* Data section:
* * *

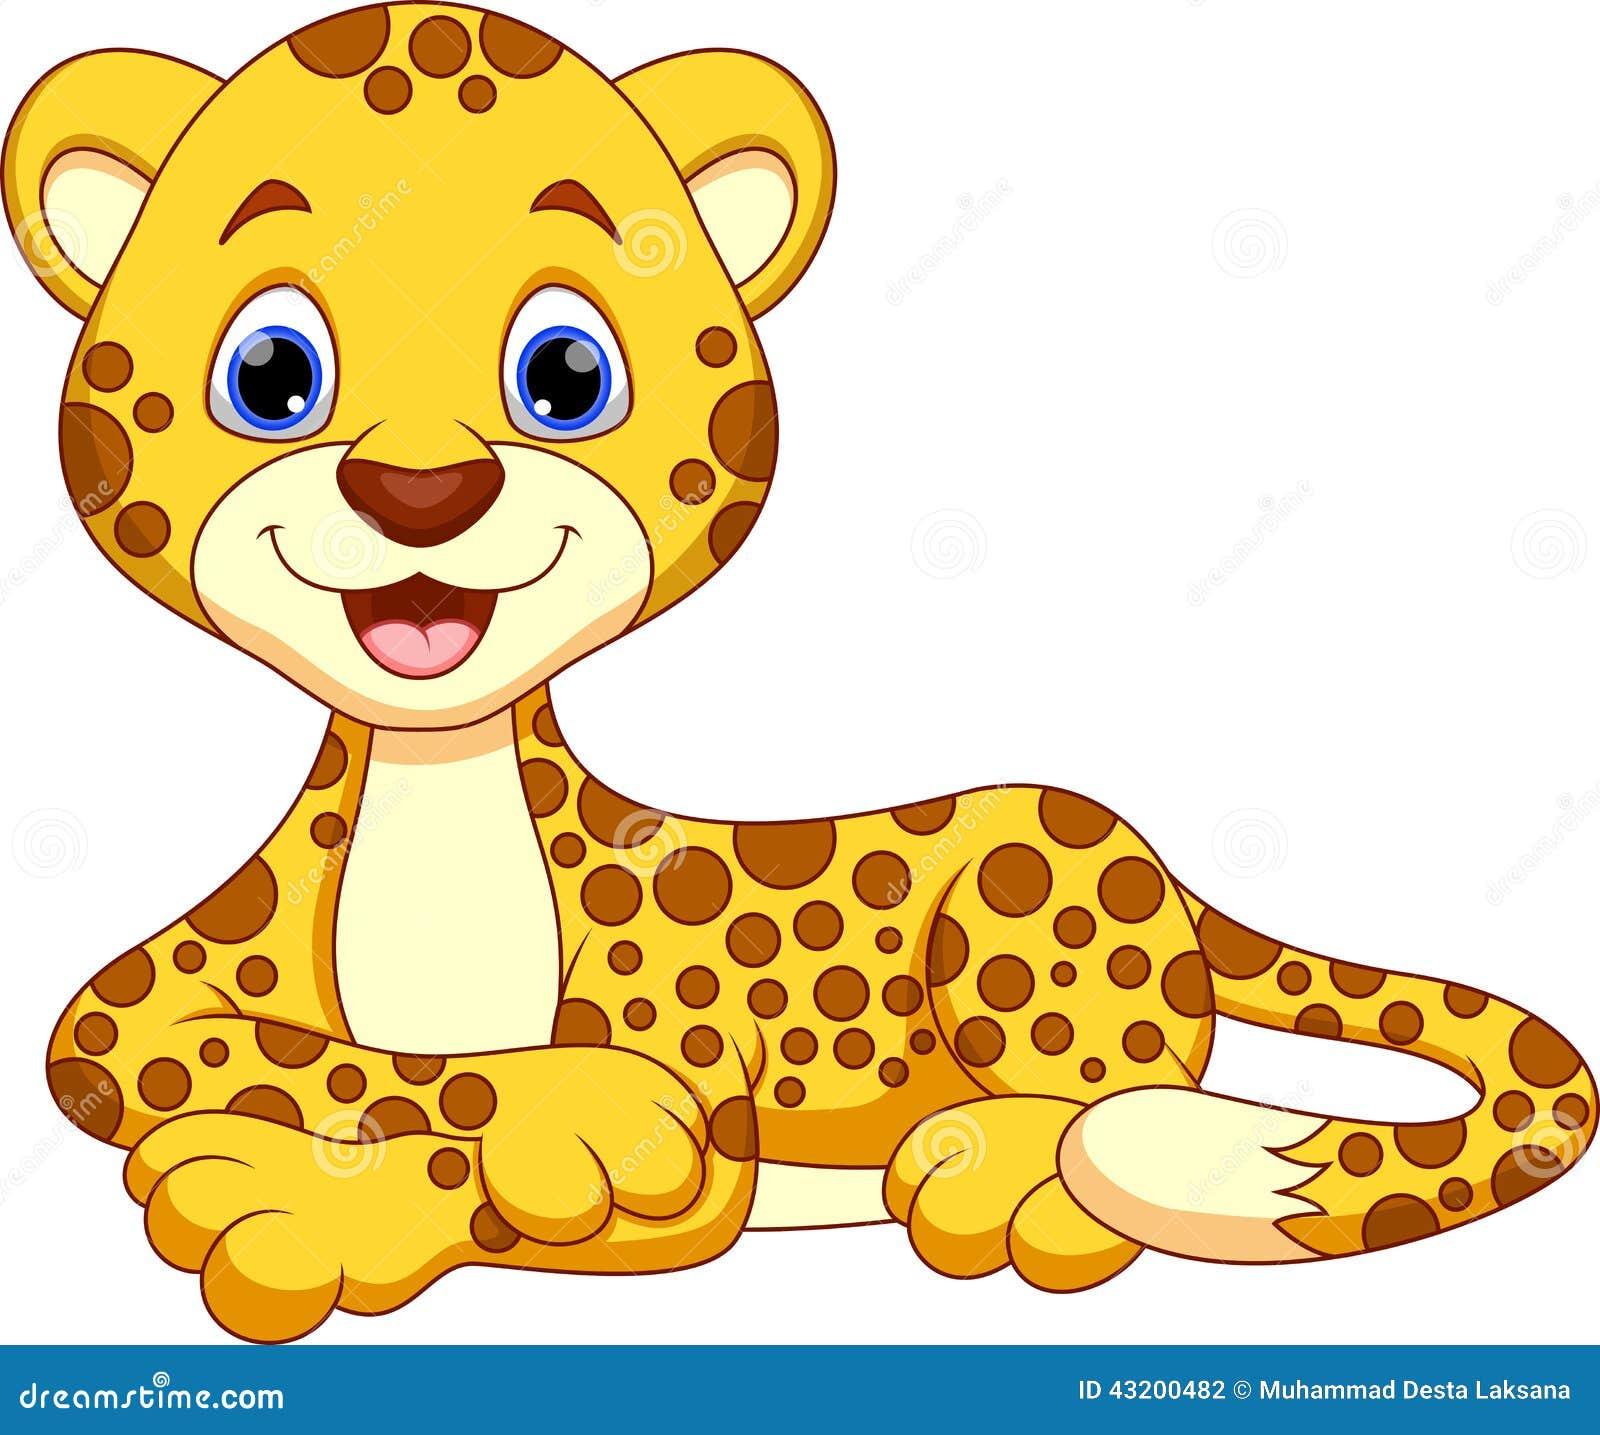 Cute Cheetah Cartoon Stock Illustration - Image: 43200482
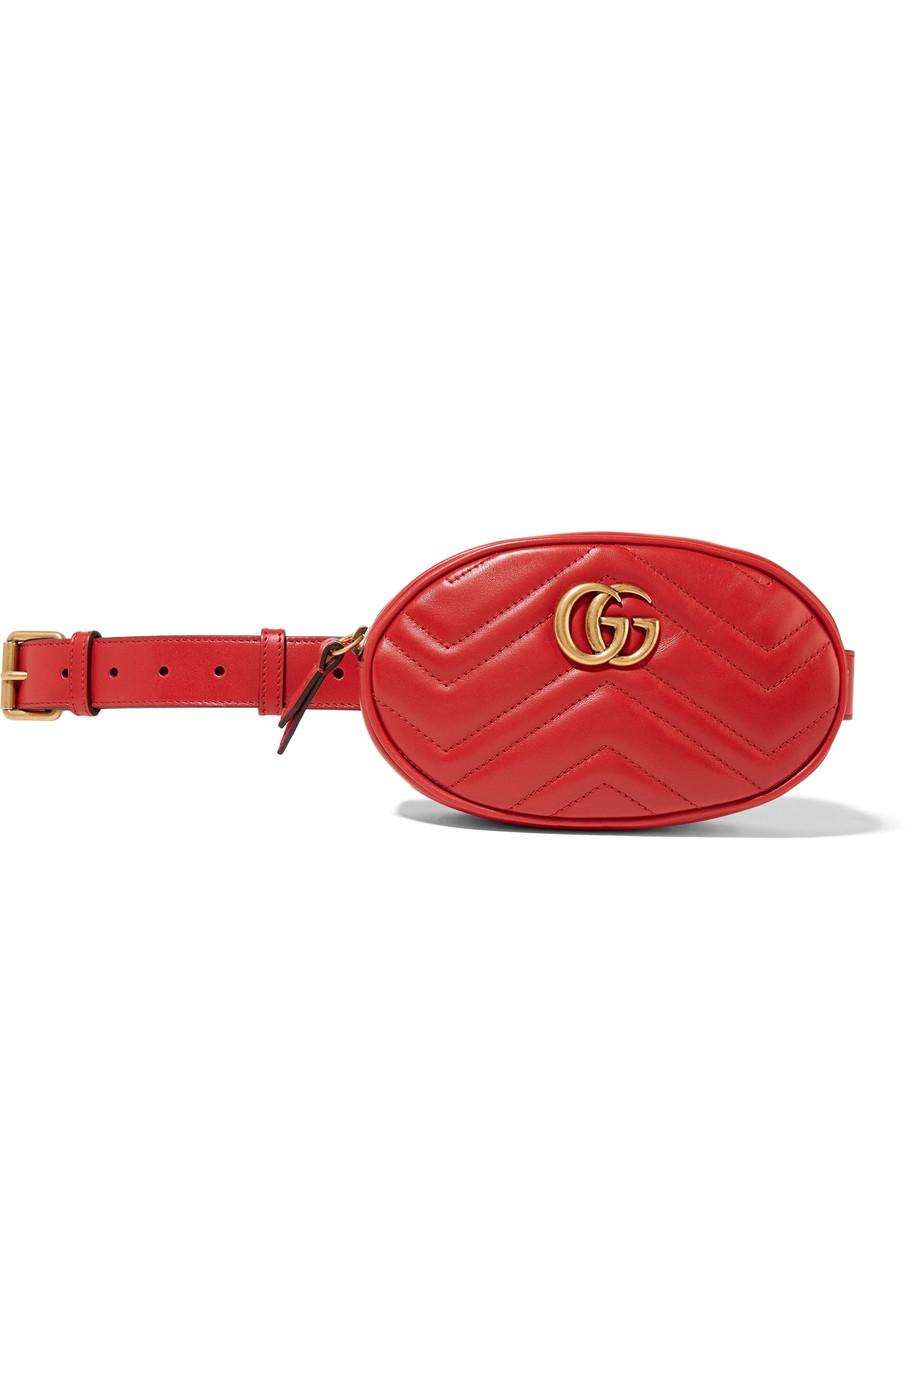 Gucci, Moda, Tendencia, Bolsa, Bandolera, Fanny Pack
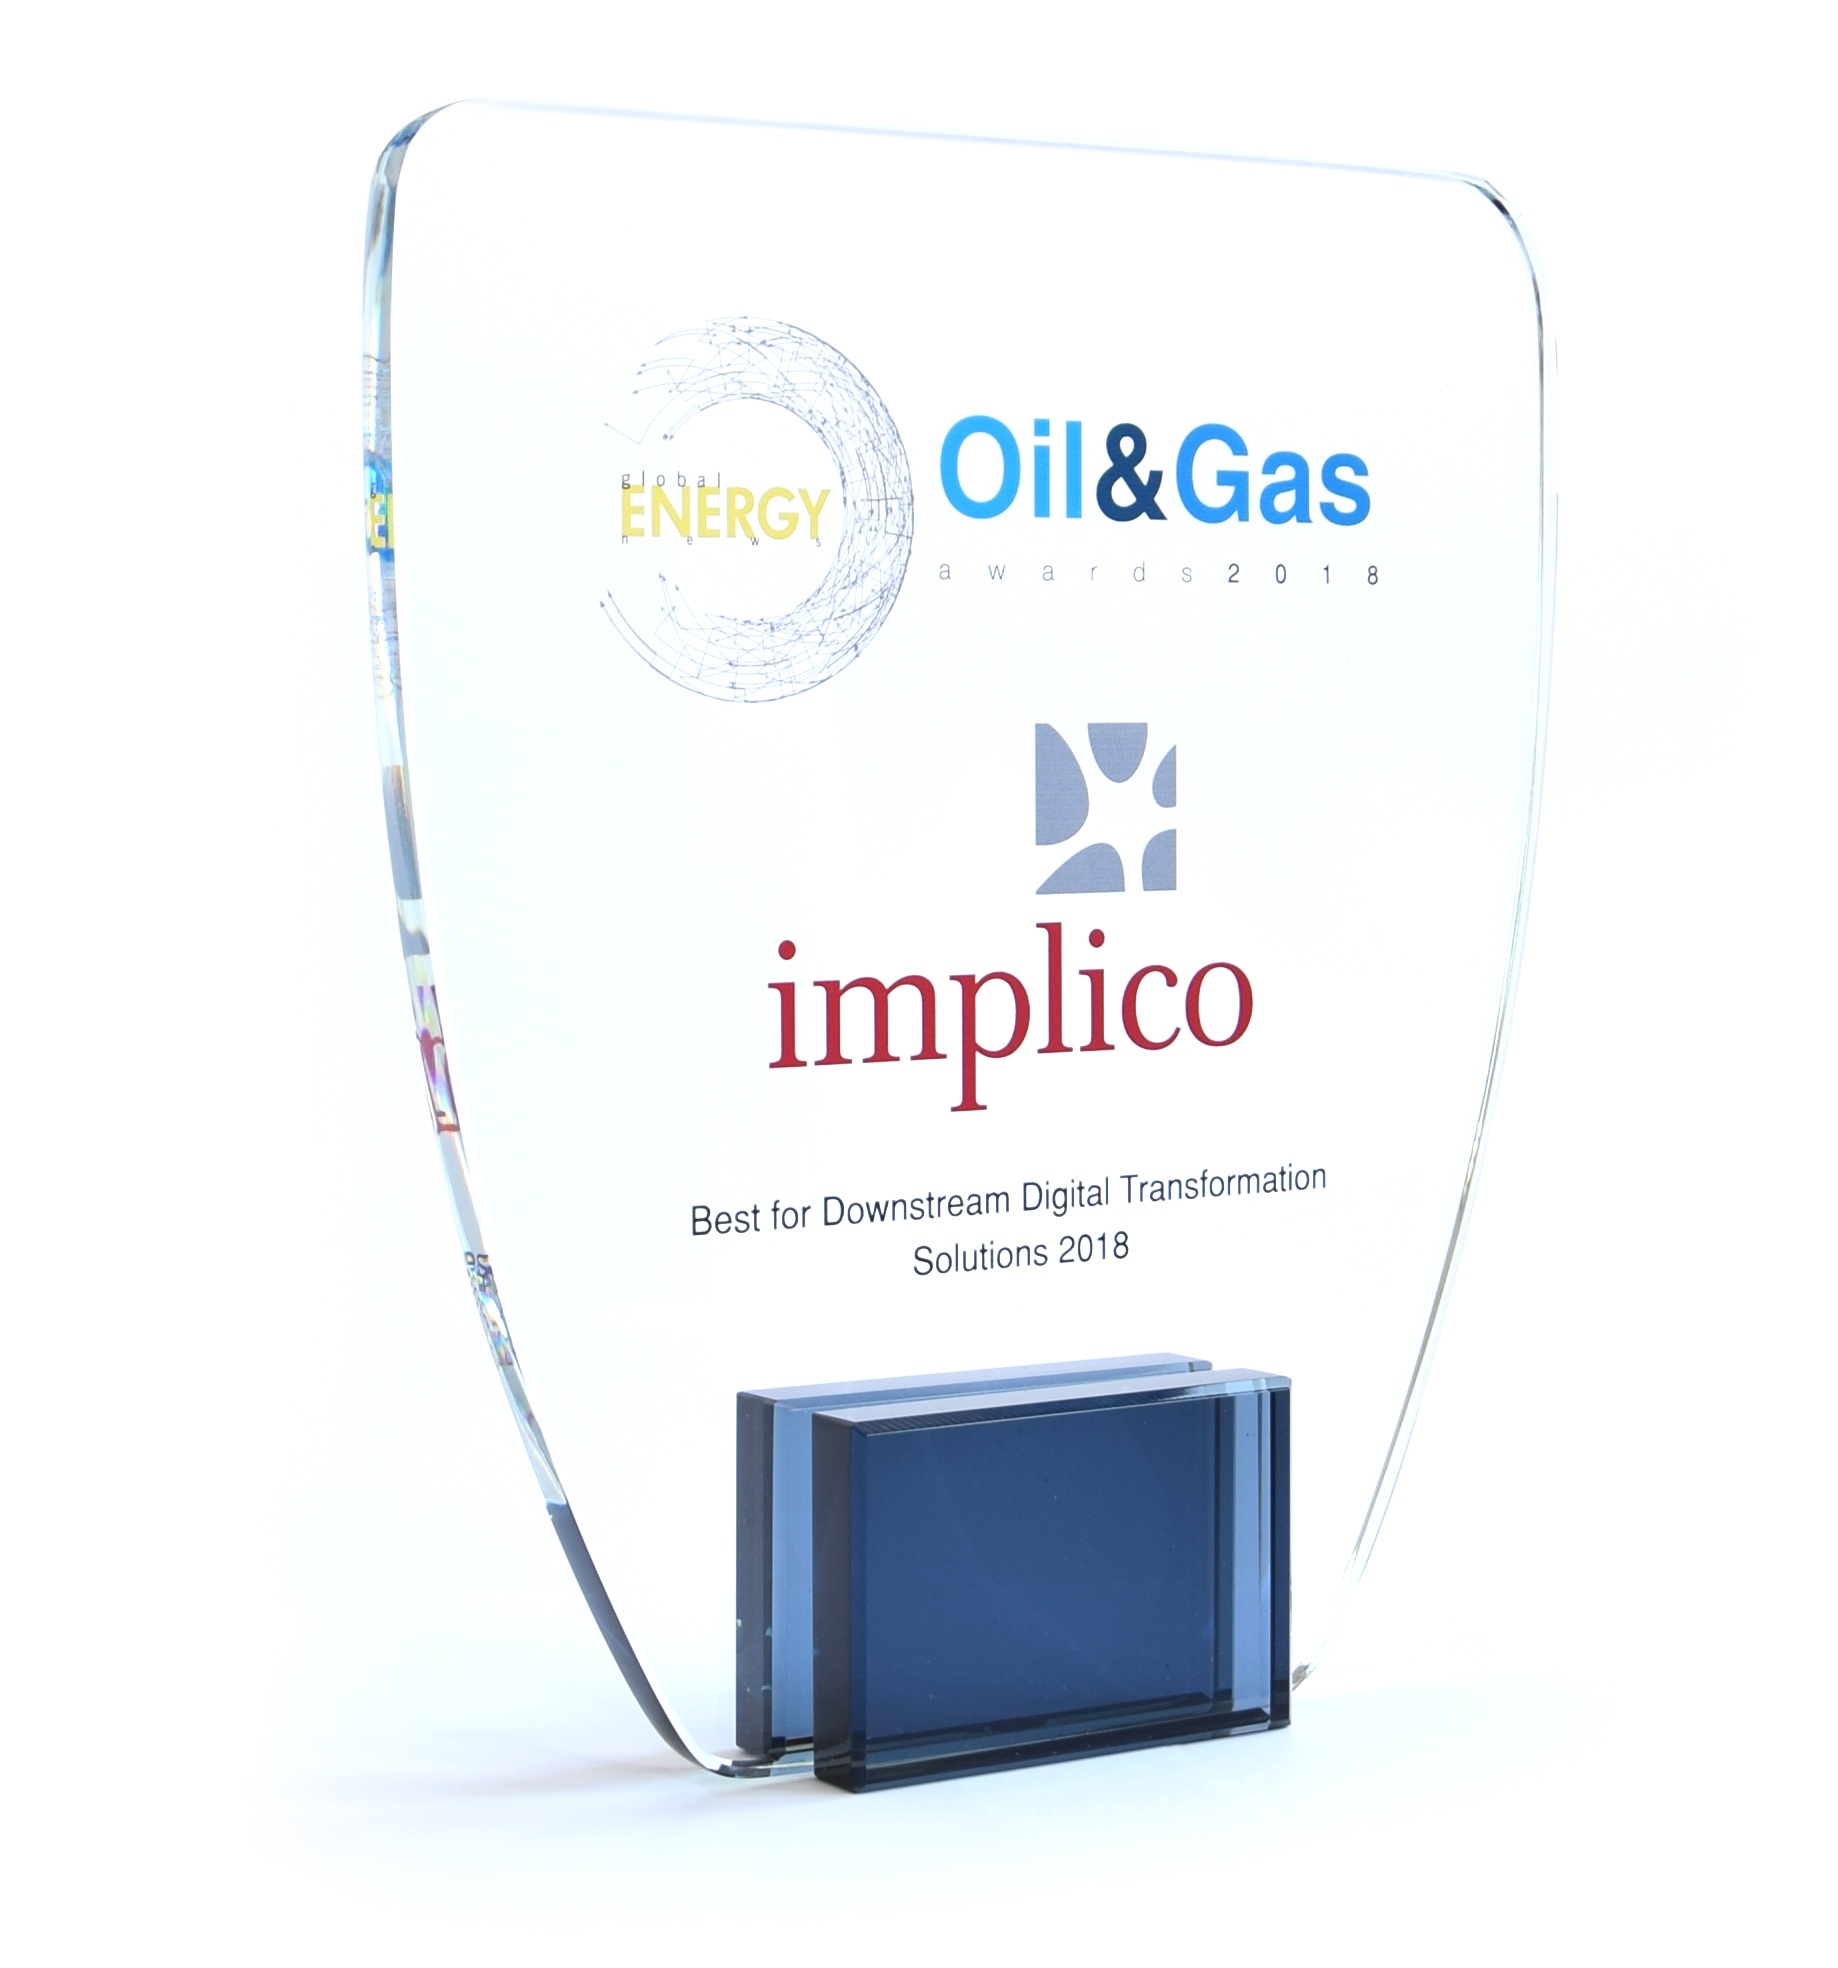 Digitale Transformation: Implico erhält Oil & Gas Award 2018 - Featured Image

* * *

* Required work: The material above should be printed again exactly, with each picture left out.

* Answer to the problem:
 Cute Cheetah Cartoon Stock Illustration - Image: 43200482
 Gucci, Moda, Tendencia, Bolsa, Bandolera, Fanny Pack
 Digitale Transformation: Implico erhält Oil & Gas Award 2018 - Featured Image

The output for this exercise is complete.